Mr Roper said that Phil Clarke, who worked for the BRE, suggested that it had failed due to cracking of the 8mm non-combustible cladding panels, which had been installed in front of it, and suggested using a thicker panel of 12mm to achieve a pass.
The team at Celotex then decided to also add in fire-resisting magnesium oxide boards within the wall to increase its chances of passing a retest. Mr Roper said this was done with the express knowledge of senior managers.
“Did that not strike you at the time as dishonest?” asked Richard Millett, counsel to the inquiry.
“I went along with a lot of actions at Celotex that looking back on reflection were completely unethical,” Mr Roper replied. “I was 22/23, first job. I thought this was standard practice albeit this did sit very uncomfortably with me.”
He said that he was “fully aware” that the test was being “overengineered to achieve a pass” and that he was “not in any doubt” that Mr Clarke of the BRE was aware of the plan to include the fire-resisting board.
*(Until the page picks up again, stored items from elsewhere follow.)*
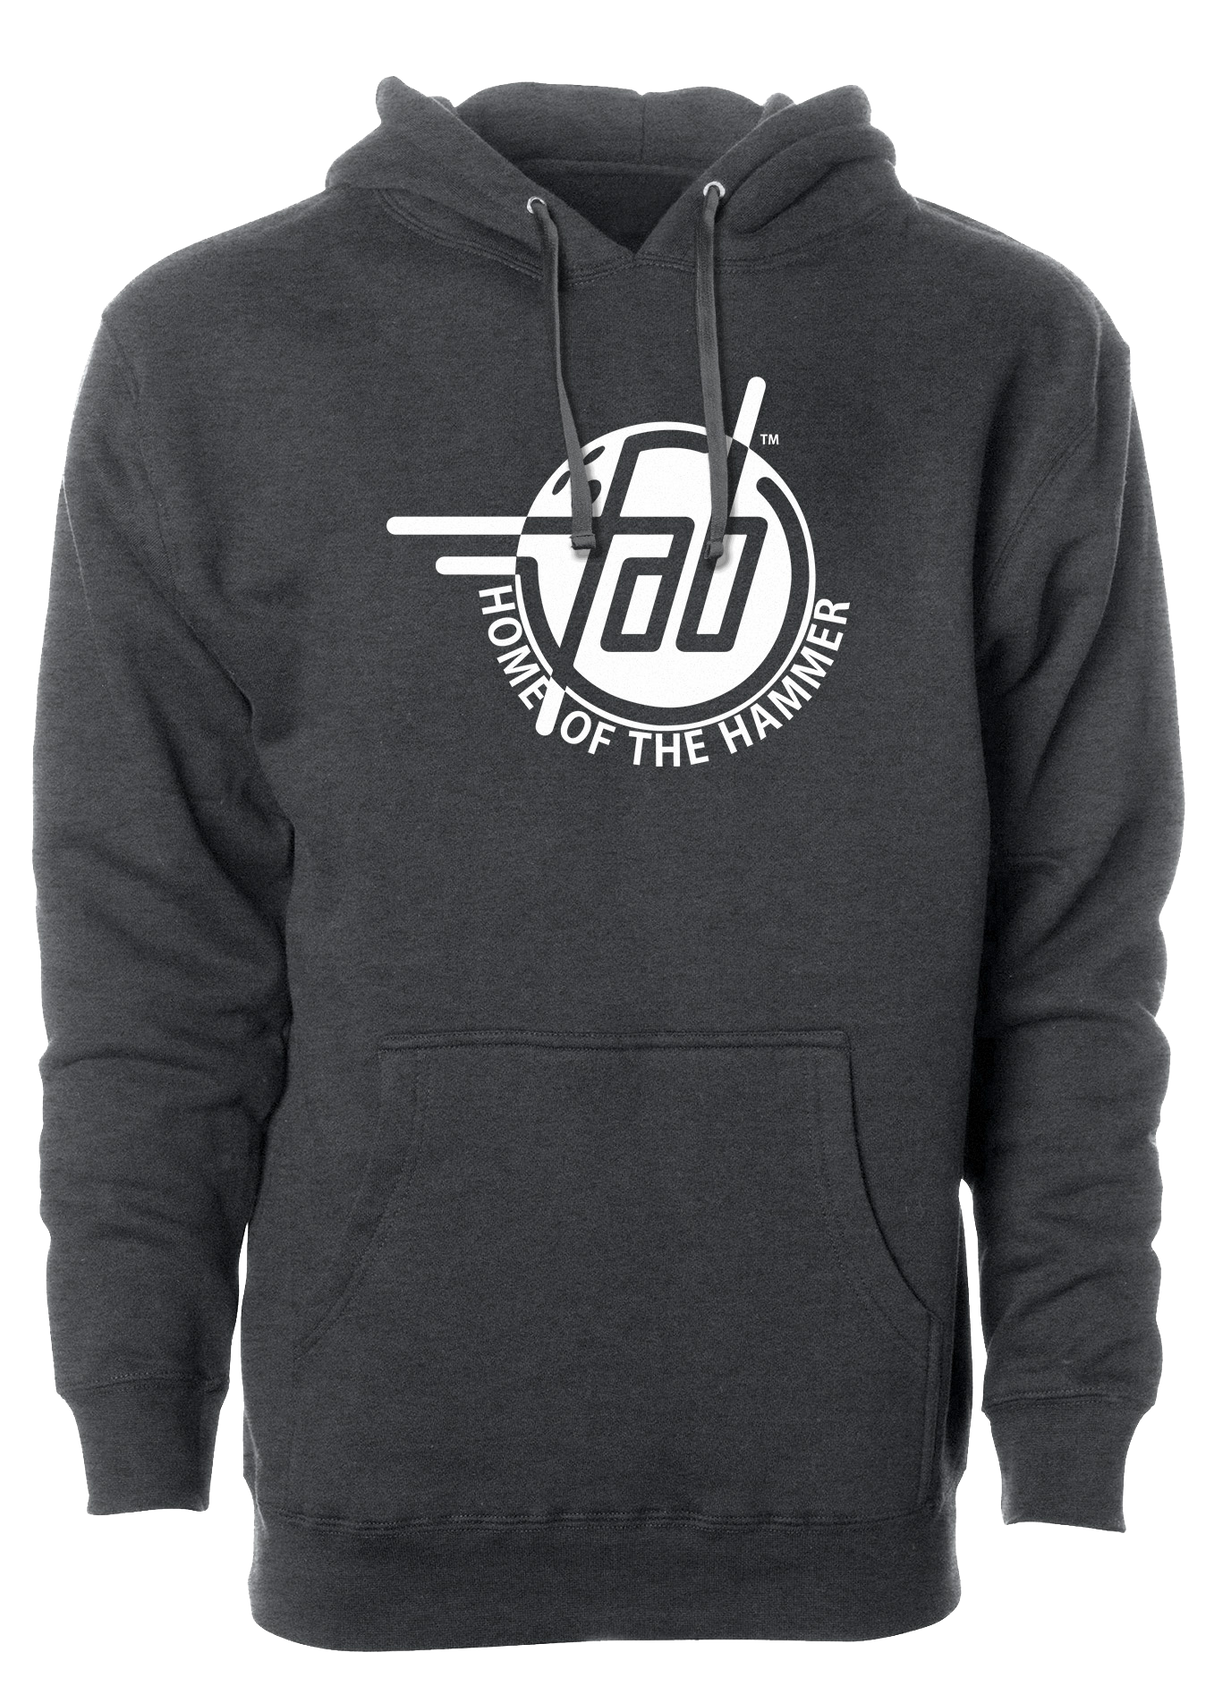 Faball Enterprises... The makers of the original Hammer. Look "Fab" in this bowling hoodie! This is the perfect gift for any bowler who liked the original urethane bowling balls.  Tshirt, tee, tee-shirt, tee shirt, Pro shop. League bowling team shirt. PBA. PWBA. USBC. Junior Gold. Youth bowling. Tournament t-shirt. Men's. Bowling Ball. Old School, throwback. Vintage.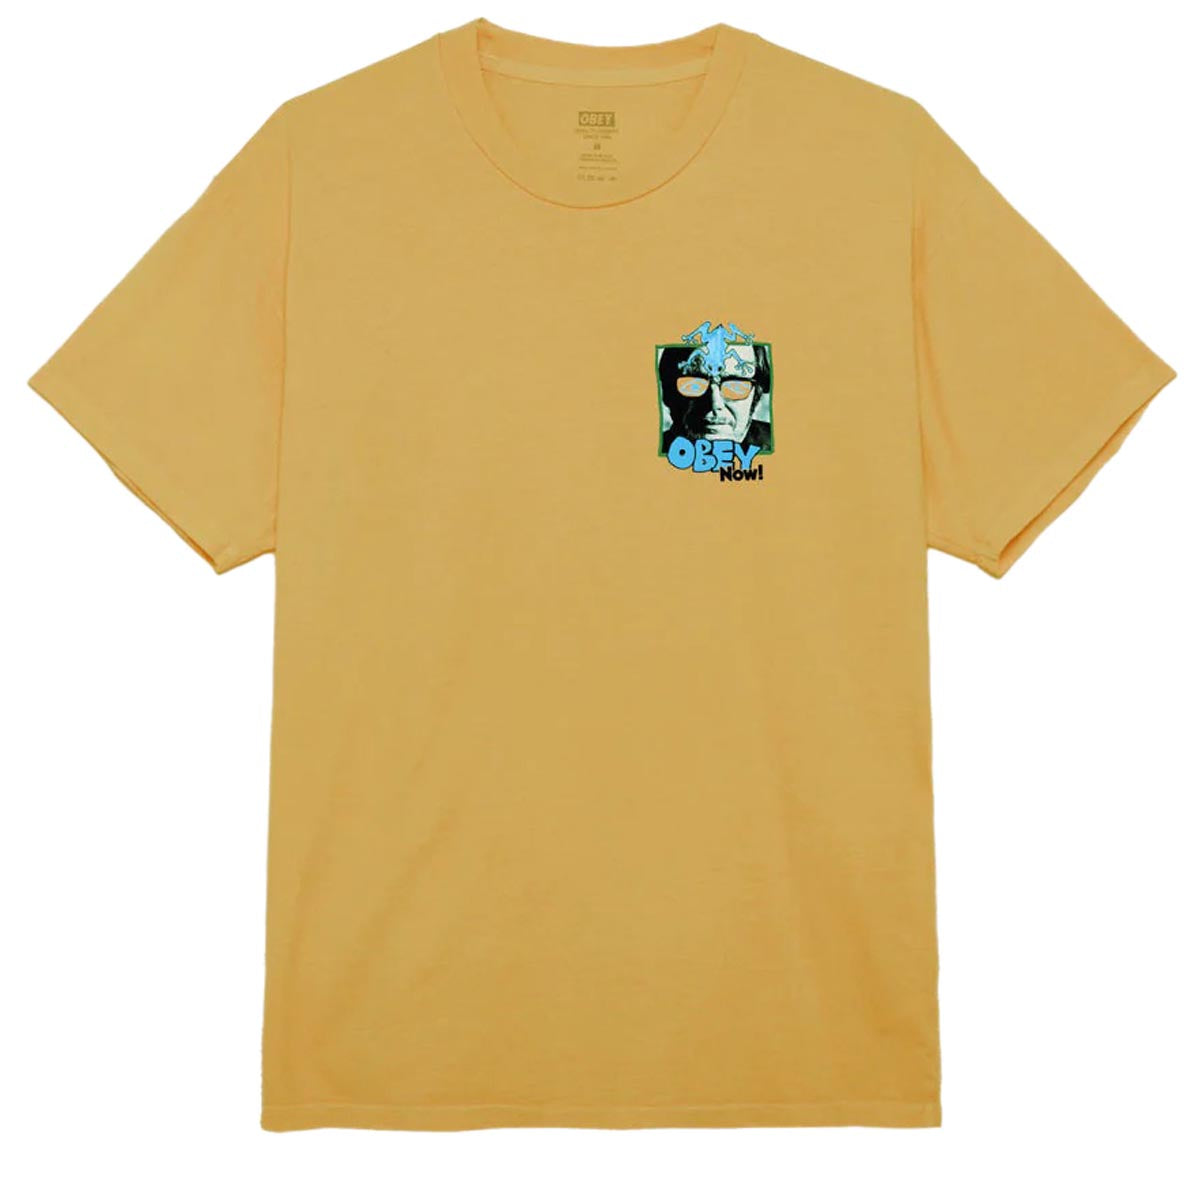 Obey Now! T-Shirt - Pigment Sunflower image 2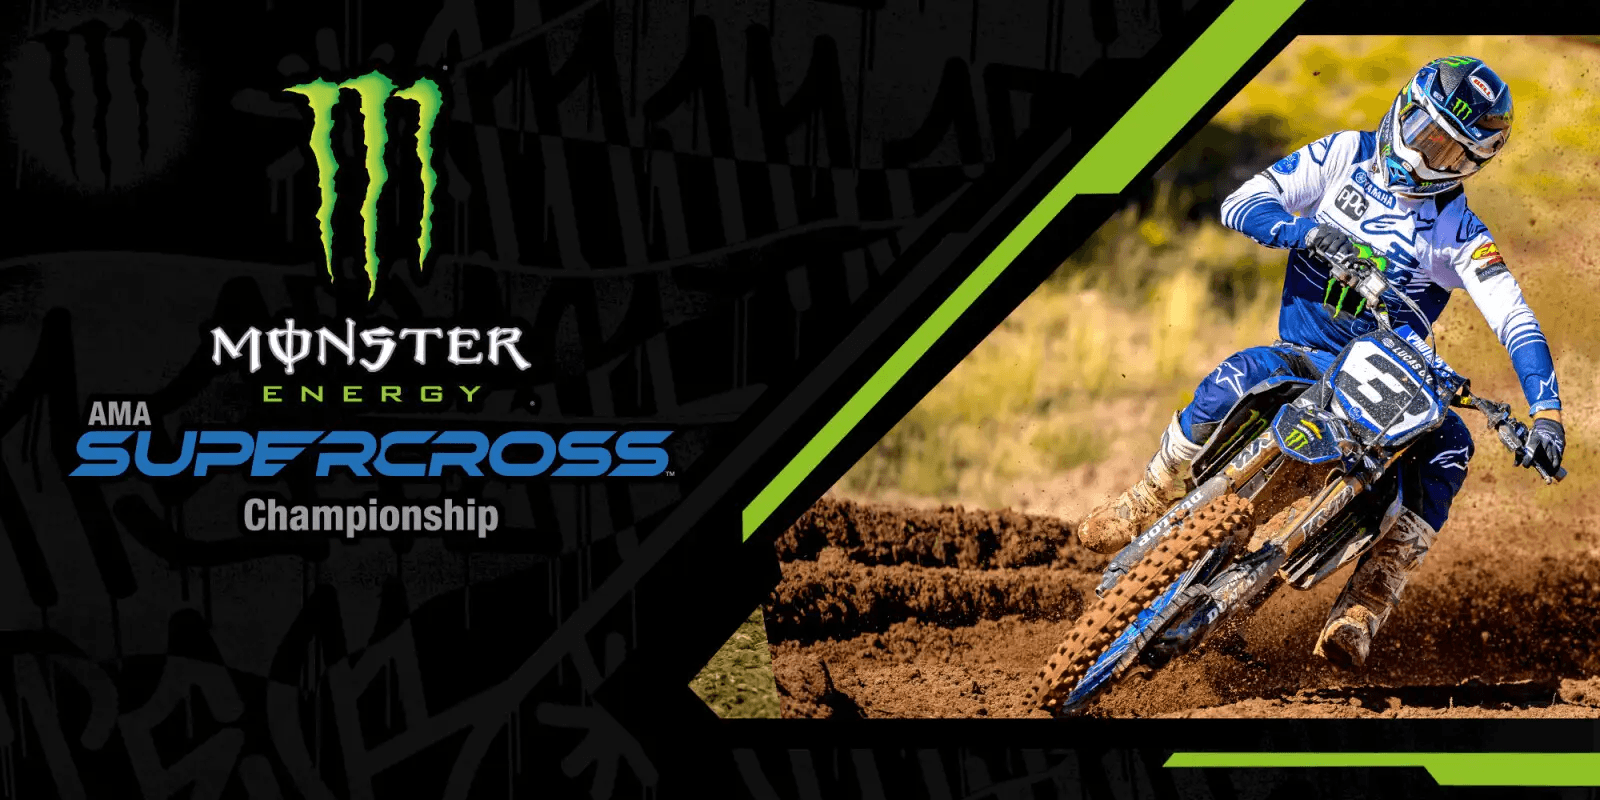 How to Watch Monster Energy Supercross Without Cable Beginning January 8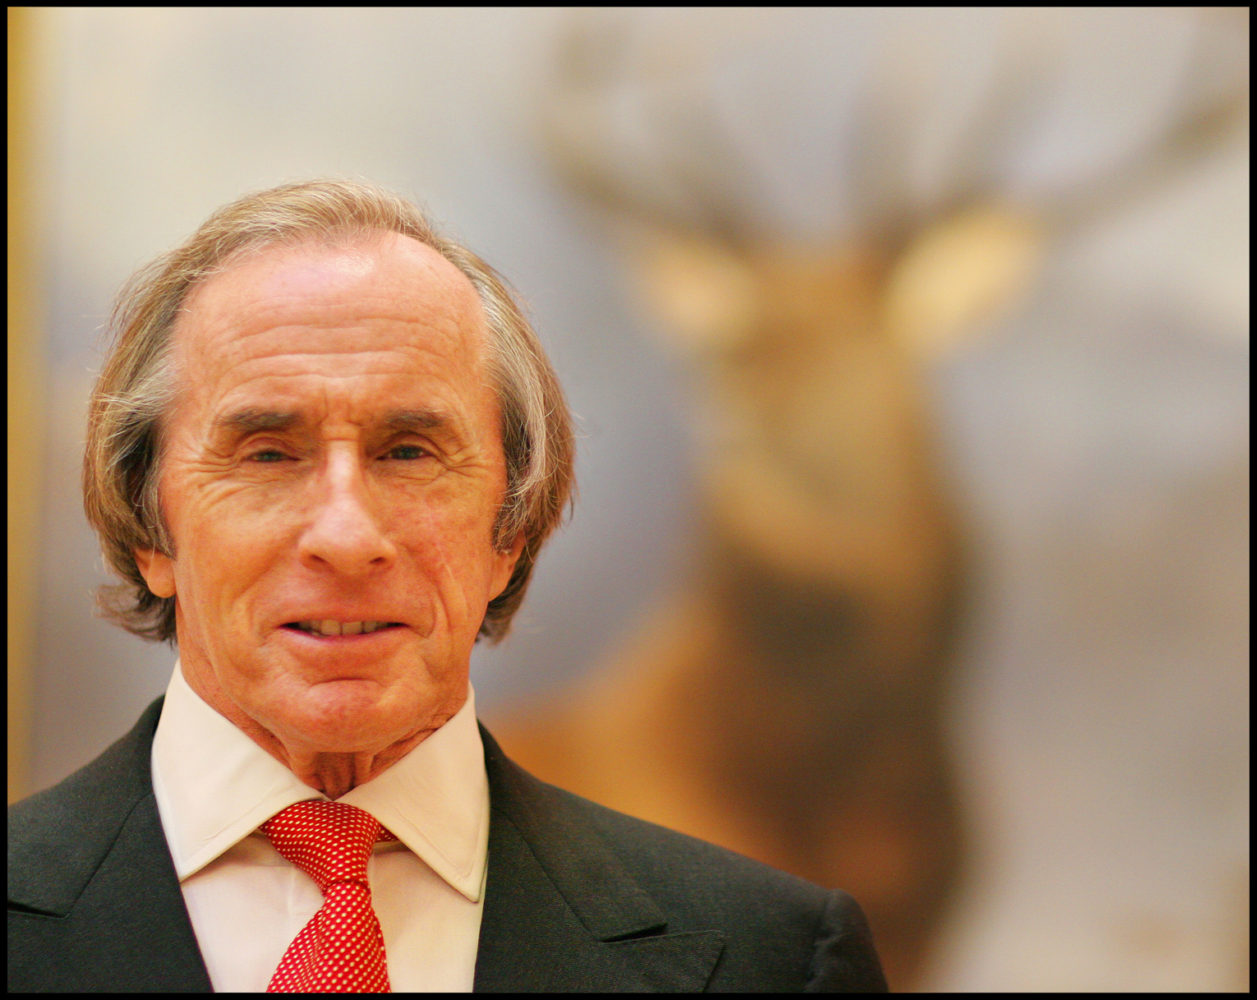 SIR JACKIE STEWART WORLD FIRST AT CONCOURS OF ELEGANCE 2015

With the thicker cladding panel and the addition of the boards, the test passed its second attempt in May 2014. Mr Roper then drafted a slide presentation for Celotex’s senior management to explain this testing process.
But after the presentation was made, he was instructed to cut it to remove all reference to the failed test in February and the use of the additional fire-resisting boards.
“You knew at the time that this was downright misleading and intended to be misleading, and if marketed in this way it would be a fraud on the market,” said Mr Millett.
Mr Roper agreed. He added: “I still lived with my parents and I recall going home that evening and mentioning it to them and I felt incredibly uncomfortable with what I was being asked to do.”
When the test report from the BRE was published, it contained no reference to the additional magnesium oxide boards. Mr Roper said this was because the BRE’s Mr Clarke decided they did not have a major impact on the test result and therefore omitted them.
Nonetheless, Mr Roper asked them to remove the only image from the report that showed the boards – a request that was not granted.
He then copied and pasted Kingspan’s description of its product – which stated that it was suitable for use on buildings above 18m – into a brief for Celotex’s marketing team to include it in the literature for RS5000. No reference was made to the additional fire-resisting board.
“These omissions and misdescriptions were not accidental, were they?” Mr Millett asked.
“No, they were deliberate,” Mr Roper replied.
“Do you accept that in approving these documents you were dishonest?” Mr Millett asked.
“Yes, I do,” Mr Roper replied. “I felt entirely uncomfortable but also useless… It was one of the contributory factors to me leaving my role because I felt so uncomfortable and I knew that there would be a level of questioning with the launch [of RS5000] that would essentially mean I would be required to lie for commercial gain again.”
Asked why he did not raise these issues with someone more senior at the company, he said: “This was a common practice. All of the management action board were present when… the decision was made.
“I have subsequently heard and seen that this isn’t the only manipulation of the test data this business has had: there are issues around the Class 0 fire performance, around the thermal performance of its entire range. It was within the culture of that business at that time. It’s something I maybe should have, or definitely should have, expressed more of a concern about.”
When Mr Roper presented the product to his own marketing team, he continued to remove the key details around testing.
“Was your idea that they would practice this deceit on Celotex’s customers, the better to sell this product?” asked Mr Millett.
Mr Roper accepted that this was the aim, but said it was not his idea.
In its opening statement last week, Celotex emphasised that the product was retested after the Grenfell Tower fire without the fire-resisting boards and passed. It said that all the staff involved in its testing and marketing have left the firm.
Mr Roper will continue giving evidence tomorrow.